▶ [Problem statement]: Nothing but the lines from the one containing "Sicily Bag in Red Leather with Gold Accents" through the one containing "Day In The Life", both included, should be given again, each exactly as written below.

▶ [Information]:
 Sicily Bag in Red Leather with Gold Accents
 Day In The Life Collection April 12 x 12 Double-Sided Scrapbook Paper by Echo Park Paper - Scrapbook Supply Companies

==

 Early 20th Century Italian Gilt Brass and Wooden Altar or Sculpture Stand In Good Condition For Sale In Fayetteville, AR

==

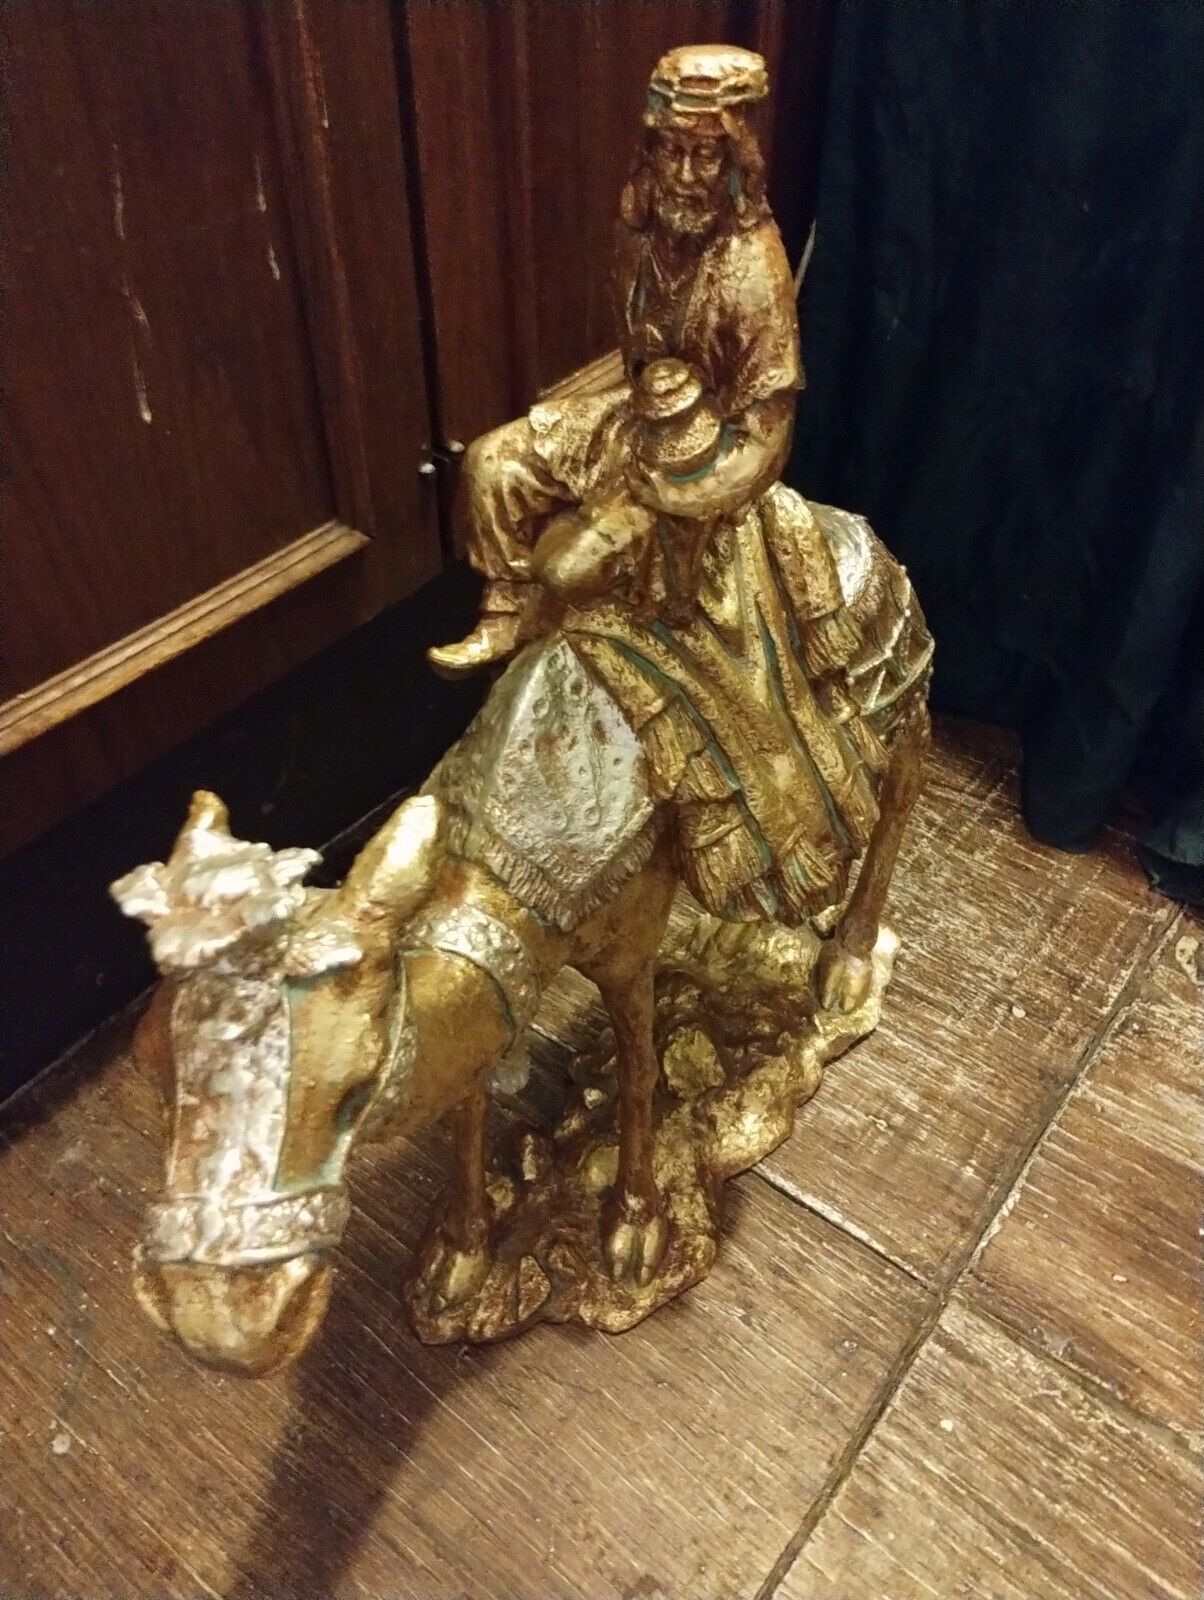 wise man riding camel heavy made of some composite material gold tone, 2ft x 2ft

▶ [Output of the task]:
 Sicily Bag in Red Leather with Gold Accents
 Day In The Life Collection April 12 x 12 Double-Sided Scrapbook Paper by Echo Park Paper - Scrapbook Supply Companies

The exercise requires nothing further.